Engraftment of Human MDS Samples in Xenotransplanted Mice Depends on Human Cytokines but Not Mesenchymal Stem Cells (MSC)

Background: Myelodysplastic syndromes (MDS) are a heterogeneous group of diseases with limited treatment options. Development of a patient derived xenotransplantation model for pre-clinical studies is a priority goal in the field. It has been hypothesized that patient derived mesenchymal stem cells and/or human cytokines are necessary to establish MDS engraftment in immunocompromised mice. In this study we evaluated the ability of mesenchymal stem cells (MSC) to facilitate the engraftment process having as a goal to generate a robust patient-derived xenograft (PDX) mouse model for MDS. We also assessed the contribution of human cytokines as expressed in transgenic mice.

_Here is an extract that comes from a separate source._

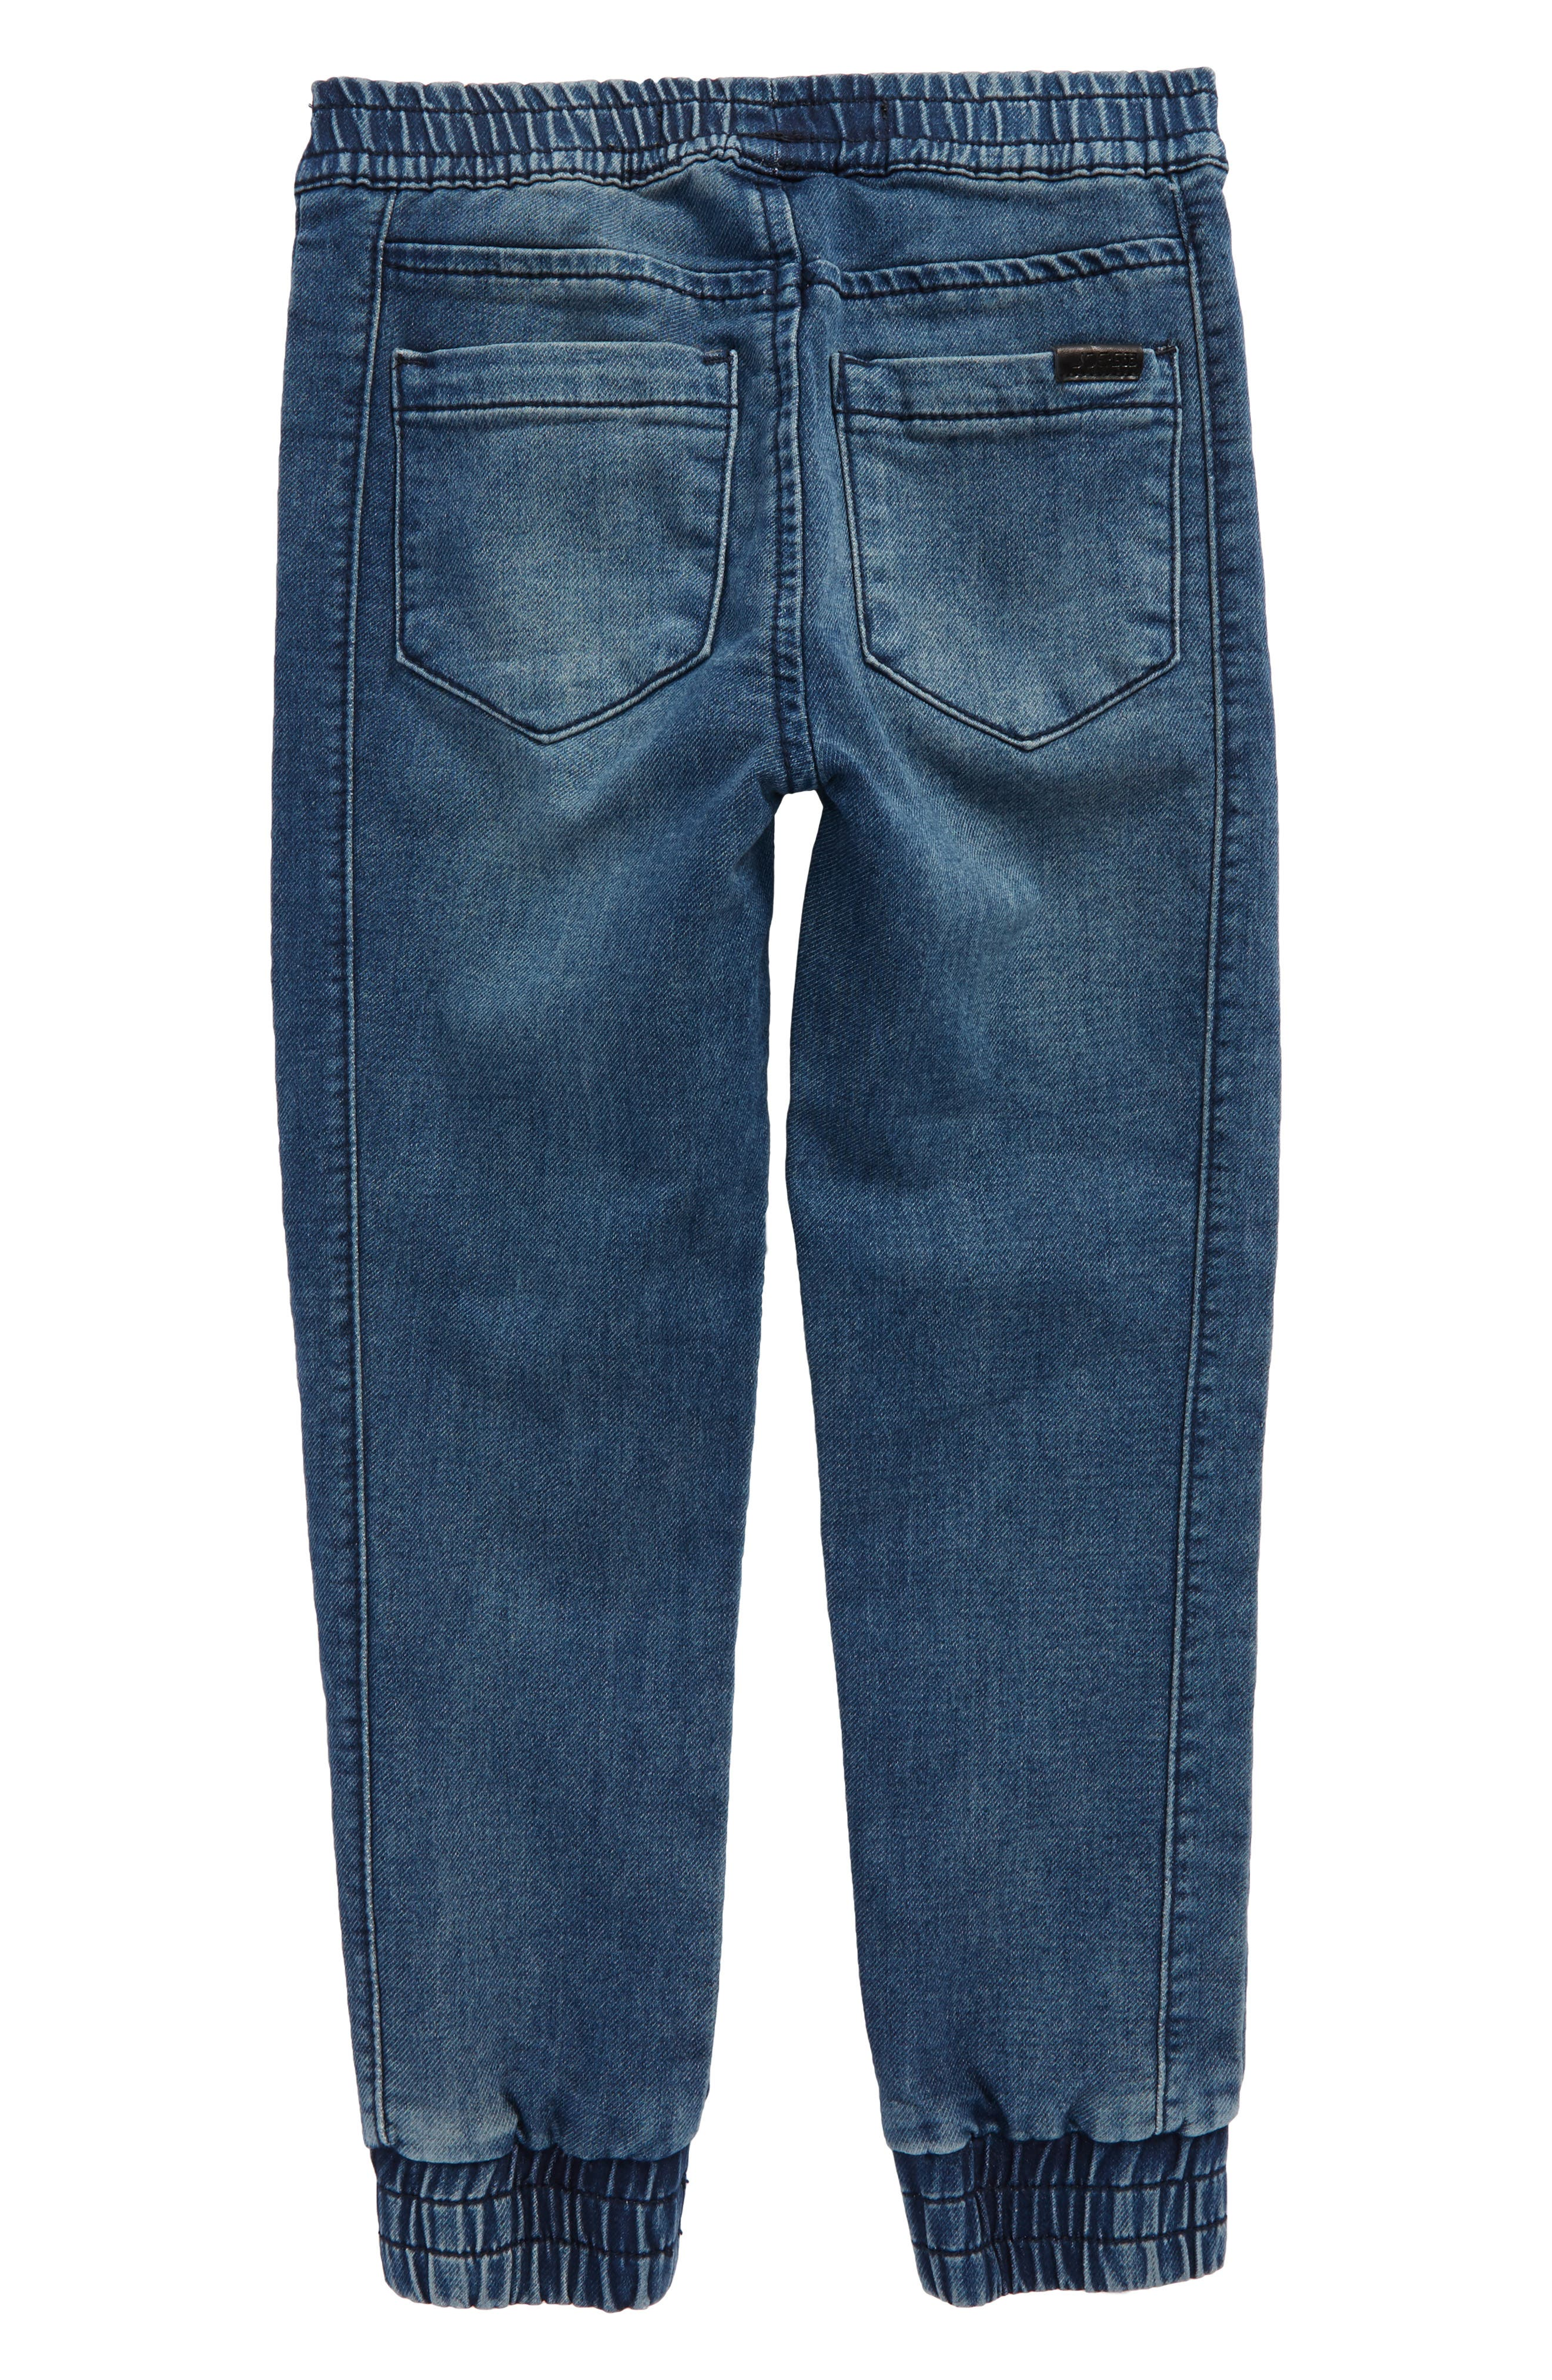 Slim Fit Denim Jogger Pants,                             Alternate thumbnail 2, color,                             490

Methods: MSC from normal donors and MDS patient samples were generated and characterized using standard culture methods. NOD.Cg-Prkdcscid
Il2rgtm1Wjl/SzJ (NSG) and NOD.Cg-Prkdcscid Il2rgtm1Wjl Tg(CMV-IL3,CSF2,KITLG)1Eav/MloySzJ (NSG-S) mice were used as recipients. Mice were injected with 1 x 10⁶ bone marrow mononuclear cells (MNC) alone or in combination with 5 x 10⁵ MSC. MSC were from normal donors, from same patient as MNC (autologous), from other MDS patients or normal donors (allogeneic). All cells were injected intrafemorally. Mice were assessed for engraftment by bone marrow aspiration at 6-8, 10 weeks and at necropsy at 12-32 weeks (depending on initial assessment). Long-term engrafted samples were further assessed for presence of stem cells by secondary transplantation into NSG-S mice. 1 x 10⁶ human CD45+ cells were passaged without or with 5 x 10⁵ MSC. Secondary recipients were assessed at 12 weeks for engrafment. MDS samples represented both high risk (refractory anemia with excess blasts, RAEB)) and low risk (refractory anemia (RA), refractory cytopenia with myelodysplasia (RCMD), chronic myelomonocytic leukemia (CMML)) disease. The overall degree of engraftment was assessed by bone marrow aspiration and measurement of human CD45+ cells by means of FACS. Lymphoid, myeloid and erythroid engraftment was assessed similarly. 5 x 10⁵ MSCs from normal donors were transduced with GFP (pELNS.CBR-T2A-GFP) and intrafemorally injected into NSG mice and the presence of human MSC was evaluated by in vivo Imaging (Xenogen Spectrum system and Living Image Version 4.3 software.).

Results: 12 out of 12 injected MDS samples showed persistent human cells when assessed at 6-8 weeks. For most samples, engraftment at that time-point was low (<2%) and was not consistently influenced by the presence or absence of MSC. On week 10, 4 out of 12 injected MDS patient samples showed increased engraftment and only one showed higher engraftment levels in the mice co-transplanted with MSC. Two of these were from patients with RAEB and CMML and showed both myeloid and erythroid engraftment. Molecular analysis showed consistent engraftment of the malignant clone in 2 out of 2 patient samples tested. Overall, only 3 out of 12 patients showed long-term engraftment (> 12 weeks) and these samples were transferred to secondary animals. Secondary transplanted mice injected with selected hCD45+ cells with or without MSC showed variable engraftment levels on week 10 after injections. One of them reached long-term engraftment (>12 weeks), whereas the second gradually lost engraftment after week 10 and the third is ongoing. MSC tracking showed a gradual loss of MSC after intrafemoral injections to the point that no MSC were detected 3 weeks later. Comparison of engraftment in NSG mice to NSG-S mice (the latter producing human cytokines) showed a slight increase in engraftment at week 6 which continued at later time points.

Conclusions: Passive transfer of MDS hematopoietic cells as assessed at 6-8 weeks after intrafemoral injection is highly consistent and not dependent on MSC when total MNC fraction is used. The latter may be explained since MSC are lost within the first three weeks after injections. Direct comparison of NSG vs. NSG-S mice showed that the presence of hGM-CSF, hIL-3 and h-SCF in the NSG-S mice increased the engraftment levels. Successful long-term engraftment of MDS cells in xenotransplanted mice was achieved for one patient sample so far, indicating that MDS initiating cells can be maintained in NSG-S mice. However, establishing long-term engraftment can only be achieved with a subset of patient samples. MDS engraftment is influenced by human cytokines but not with MSC cells which may suggest that MDS does not depend on MSC's for long term growth.